#### Task directions
Your answer should reproduce every line of the material in which the word "opening" occurs.

#### Provided records
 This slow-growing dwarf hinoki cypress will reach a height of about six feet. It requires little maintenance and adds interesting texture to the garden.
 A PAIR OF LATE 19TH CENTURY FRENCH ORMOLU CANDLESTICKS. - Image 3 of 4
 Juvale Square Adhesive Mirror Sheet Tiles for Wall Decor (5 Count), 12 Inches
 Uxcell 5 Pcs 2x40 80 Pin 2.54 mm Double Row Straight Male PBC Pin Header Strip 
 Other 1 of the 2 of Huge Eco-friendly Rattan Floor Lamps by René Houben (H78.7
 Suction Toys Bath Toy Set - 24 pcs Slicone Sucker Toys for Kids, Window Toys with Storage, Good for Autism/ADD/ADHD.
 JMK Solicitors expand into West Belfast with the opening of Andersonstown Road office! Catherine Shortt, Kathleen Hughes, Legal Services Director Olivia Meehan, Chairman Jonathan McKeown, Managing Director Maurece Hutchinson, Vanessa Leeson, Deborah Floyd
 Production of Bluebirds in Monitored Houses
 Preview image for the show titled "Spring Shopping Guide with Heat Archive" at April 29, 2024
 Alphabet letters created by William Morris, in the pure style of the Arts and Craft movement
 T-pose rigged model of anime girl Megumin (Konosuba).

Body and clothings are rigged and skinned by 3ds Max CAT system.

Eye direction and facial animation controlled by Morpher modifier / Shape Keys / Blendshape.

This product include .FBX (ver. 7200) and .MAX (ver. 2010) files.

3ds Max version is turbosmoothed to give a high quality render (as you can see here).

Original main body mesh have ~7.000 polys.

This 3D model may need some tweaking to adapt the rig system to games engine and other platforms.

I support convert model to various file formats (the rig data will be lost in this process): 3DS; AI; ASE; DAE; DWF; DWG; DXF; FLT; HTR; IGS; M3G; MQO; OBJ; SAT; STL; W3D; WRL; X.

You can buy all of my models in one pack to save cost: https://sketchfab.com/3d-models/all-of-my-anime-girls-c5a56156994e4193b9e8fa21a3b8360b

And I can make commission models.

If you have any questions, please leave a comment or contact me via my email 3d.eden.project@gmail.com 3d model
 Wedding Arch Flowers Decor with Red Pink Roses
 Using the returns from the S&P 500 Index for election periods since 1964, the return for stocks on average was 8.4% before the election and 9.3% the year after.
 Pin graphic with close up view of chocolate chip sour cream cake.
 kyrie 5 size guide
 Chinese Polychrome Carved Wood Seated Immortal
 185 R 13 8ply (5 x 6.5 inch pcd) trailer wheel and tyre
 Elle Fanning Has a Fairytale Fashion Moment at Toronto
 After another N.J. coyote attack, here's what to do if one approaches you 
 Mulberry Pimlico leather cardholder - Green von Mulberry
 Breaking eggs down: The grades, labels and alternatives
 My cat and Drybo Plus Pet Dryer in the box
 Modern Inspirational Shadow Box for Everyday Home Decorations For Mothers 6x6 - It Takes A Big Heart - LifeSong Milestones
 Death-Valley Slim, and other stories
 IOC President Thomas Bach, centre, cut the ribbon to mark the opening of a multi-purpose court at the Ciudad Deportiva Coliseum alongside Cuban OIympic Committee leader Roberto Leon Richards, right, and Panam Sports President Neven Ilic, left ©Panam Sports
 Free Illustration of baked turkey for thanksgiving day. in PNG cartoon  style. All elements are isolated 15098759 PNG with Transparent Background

#### Response to this task
 JMK Solicitors expand into West Belfast with the opening of Andersonstown Road office! Catherine Shortt, Kathleen Hughes, Legal Services Director Olivia Meehan, Chairman Jonathan McKeown, Managing Director Maurece Hutchinson, Vanessa Leeson, Deborah Floyd
 IOC President Thomas Bach, centre, cut the ribbon to mark the opening of a multi-purpose court at the Ciudad Deportiva Coliseum alongside Cuban OIympic Committee leader Roberto Leon Richards, right, and Panam Sports President Neven Ilic, left ©Panam Sports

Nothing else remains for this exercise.